I recently heard three different stories from three data leaders about how trust broke in their organization. The first is from Robert-Clifford Jones, Contentful’s Head of Data Intelligence and Governance. In a blog on Contentful’s journey with Atlan, Robert spoke about every data leader’s nightmare: the 3 a.m. phone call.

“Our models run batch processing through the night and everything failed. It was the end of the month, so we couldn’t do all our closing reports and check all of our financial reporting on Monday, as was expected,” Robert shared. “I got a phone call at three o’clock in the morning going ‘What’s going on? Where’s this problem? Can you fix it?’”

Thankfully, Robert’s team resolved the issue, but the broken pipeline could have broken trust. If the CFO opened the report on Monday morning and saw numbers that didn’t add up, would they trust the report?
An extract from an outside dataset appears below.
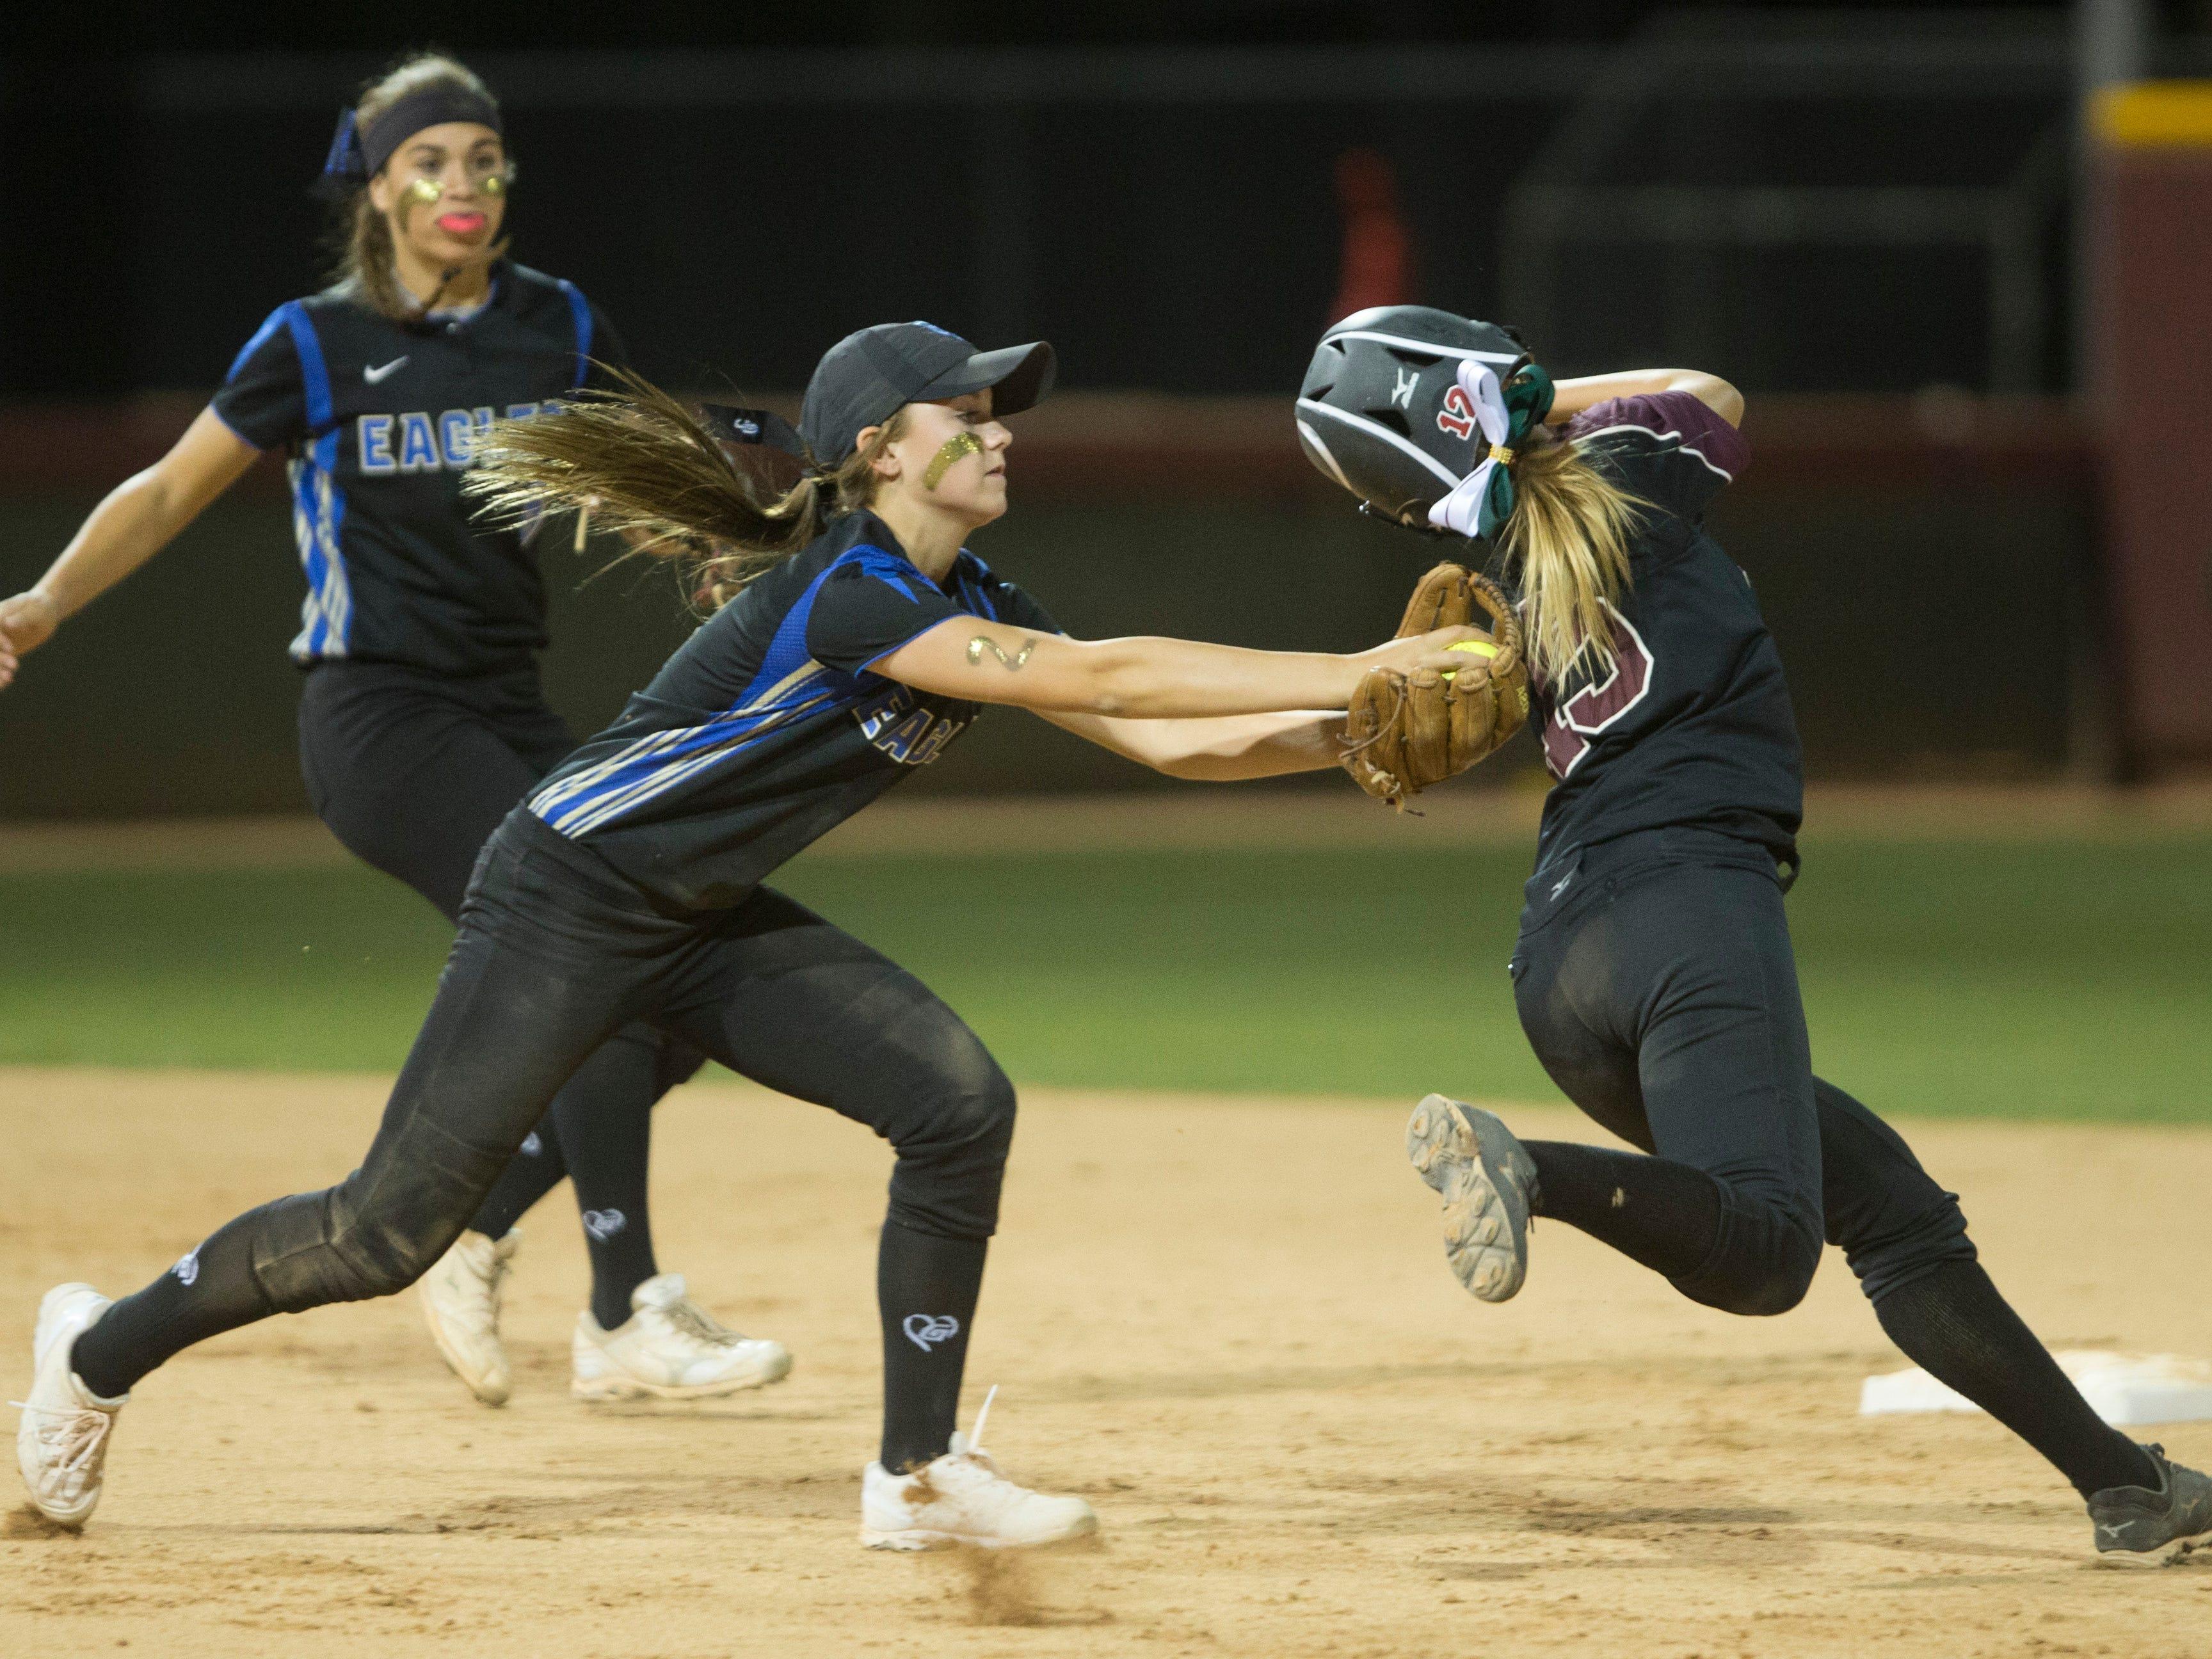 Sandra Day O'Connor's Savanna Avilla (2) tags Mountain Ridge's Jailene Carpio (15) as she heads to second base during the D1 State Softball Championship at Farrington Softball Stadium in Tempe, AZ on May 18, 2015.

Would they trust any report they opened that week?

Another data leader, this time from a global supply chain company, echoed the sentiment. She told me how a dashboard, powered by two source systems, failed to show updated numbers because one system went down. Unaware, a business user overbooked a shipping vessel based on the data he saw, only to find out later that there was no room on the vessel.

“So we had to tell our customer, to whom we made a promise, that we’re going to have to push their shipment. And they weren’t thrilled at all,” the data leader said. While the root cause of the problem — a source system going down — was different from Robert’s broken pipelines, the impact was the same: broken trust with the business user and the customer.

The final story comes from a software engineer, who urged his data team to change the name of a column. Before the data team could merge the pull request in GitHub, Atlan’s impact analysis showed up with a list of 1,100 impacted models. The data leader told me, “Everything would basically break. All of our dashboards, our metrics, our reporting tables.”

Once again, we have a different root cause, but the same broken trust. If the column name were changed, hundreds of business users reliant on downstream reports and dashboards would have lost trust in the data team.

From broken pipelines to column name changes, there isn’t just one way to break trust. Trust breaks across tools and teams, with no warning sign. This is today’s reality for data teams, but it’s one that we can fix, if we understand the core problem: the data trust gap.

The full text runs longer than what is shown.